**Exercise objective:** Extract the whole listing as it stands. Do not include the pictures.

**Data provided:**

++++

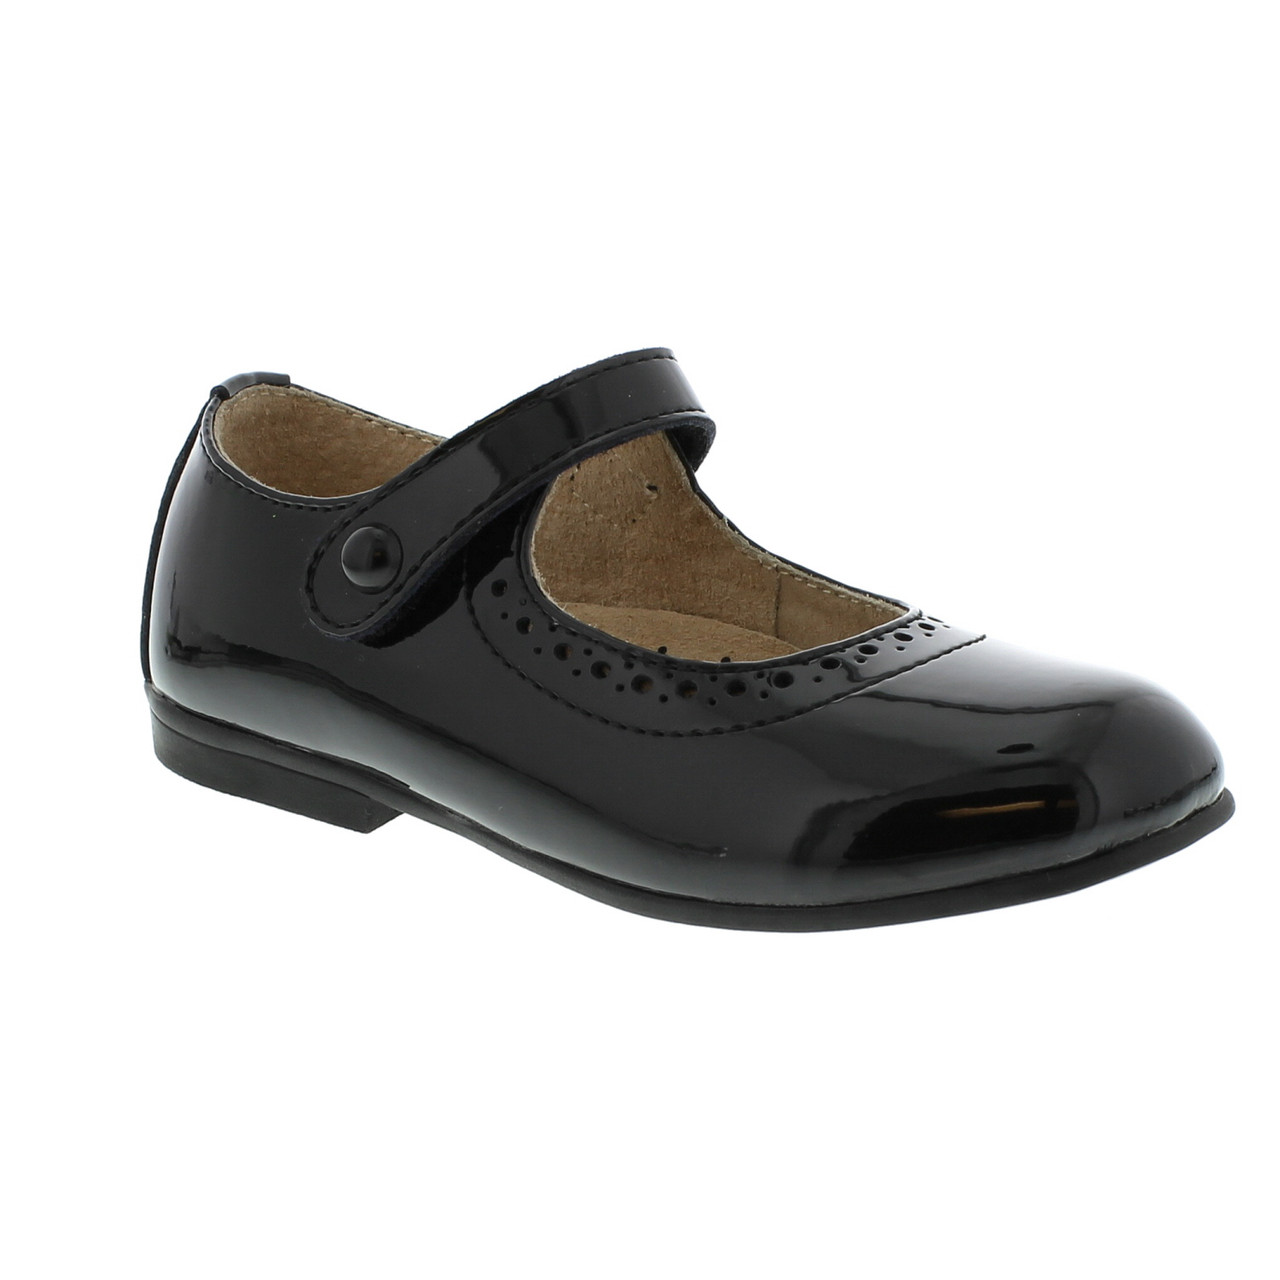 b82fe22cd9bd7 Footmates *EMMA* Black Patent Mary Jane
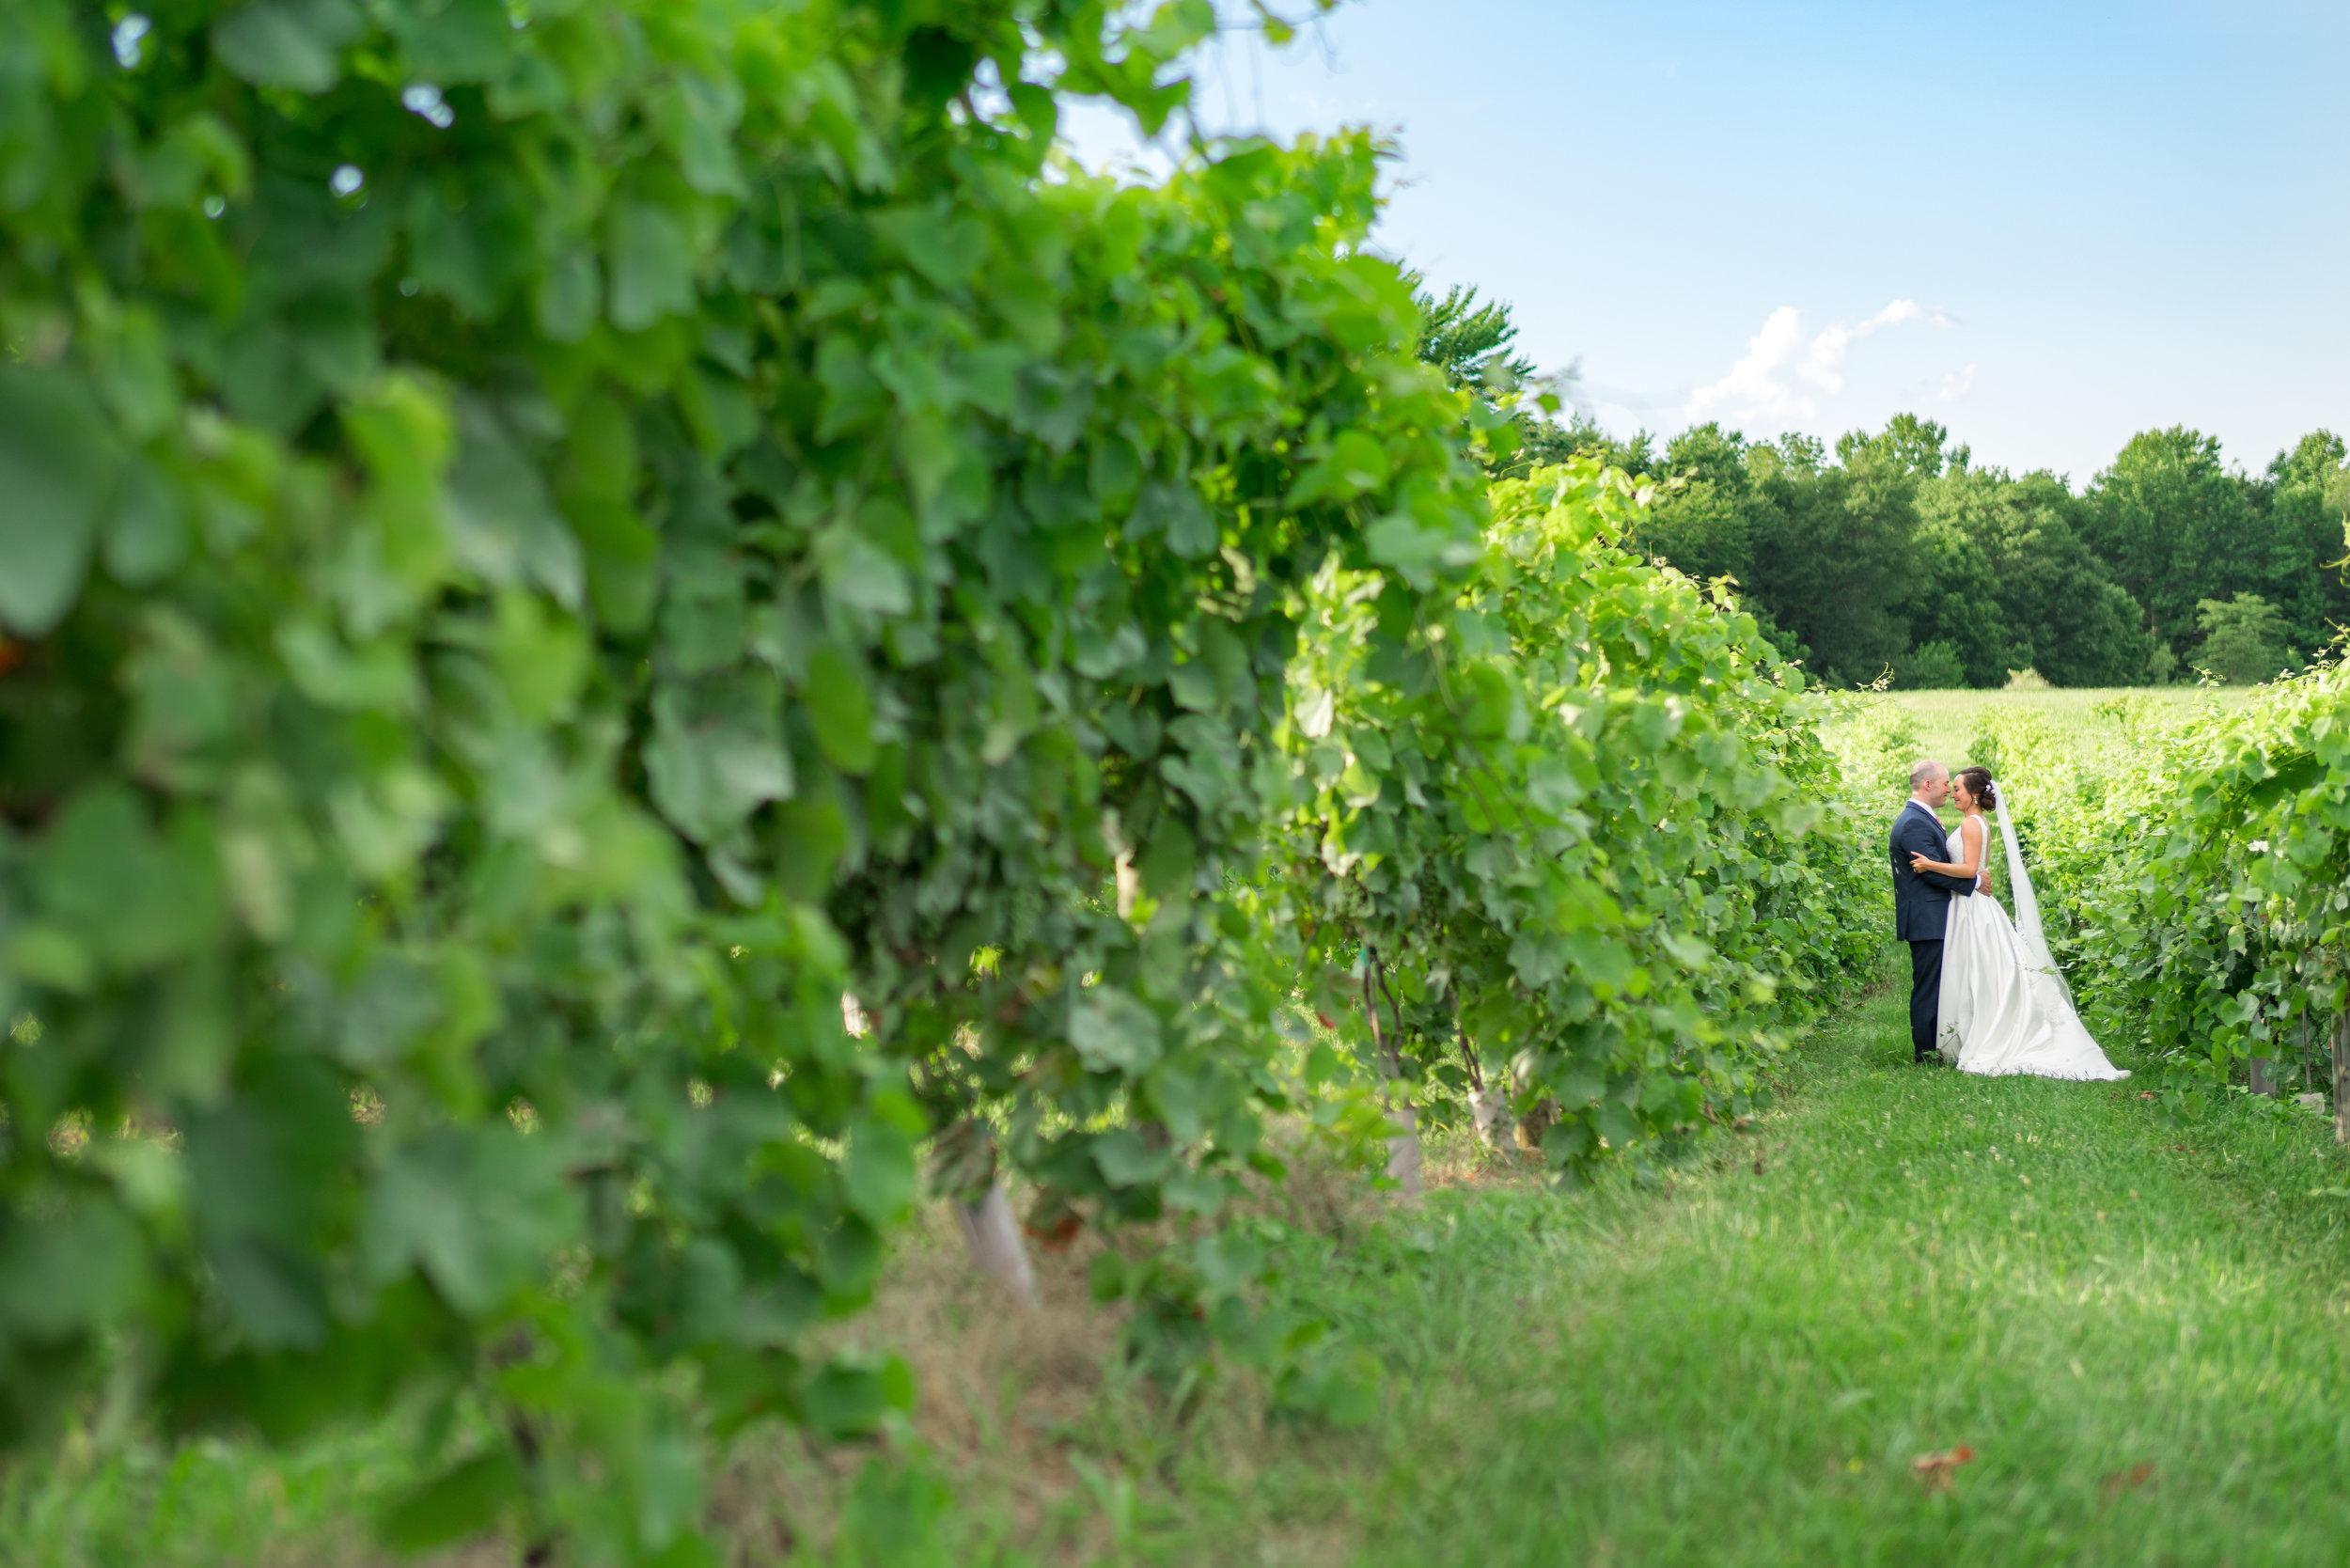 Summer July vineyard wedding in Virginia and Maryland
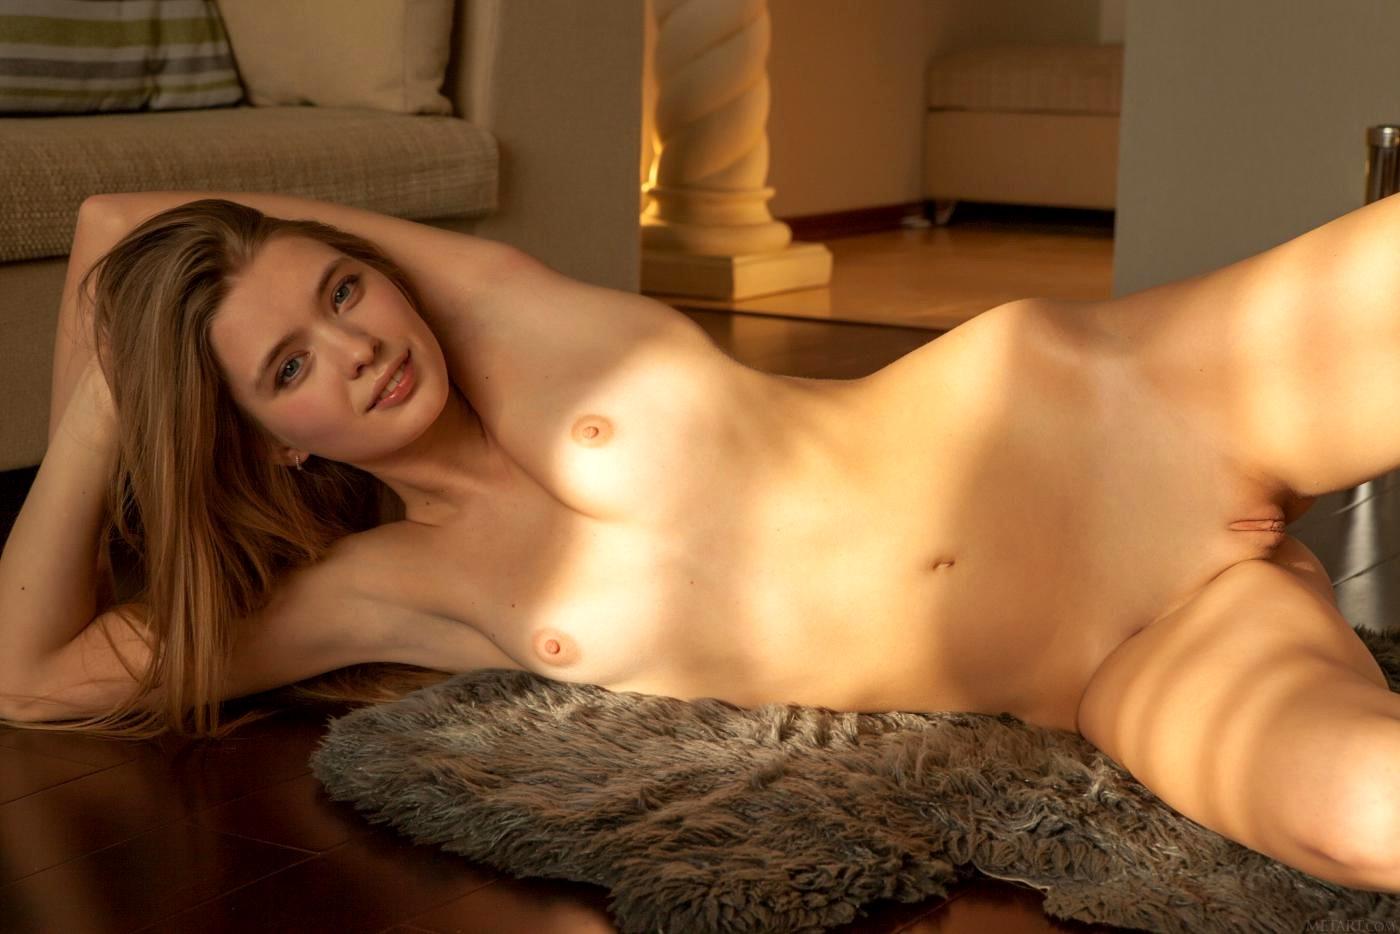 Sigrid thornton breasts scene in snapshot

++++

**The answer:**
 b82fe22cd9bd7 Footmates *EMMA* Black Patent Mary Jane
 Summer July vineyard wedding in Virginia and Maryland
 Sigrid thornton breasts scene in snapshot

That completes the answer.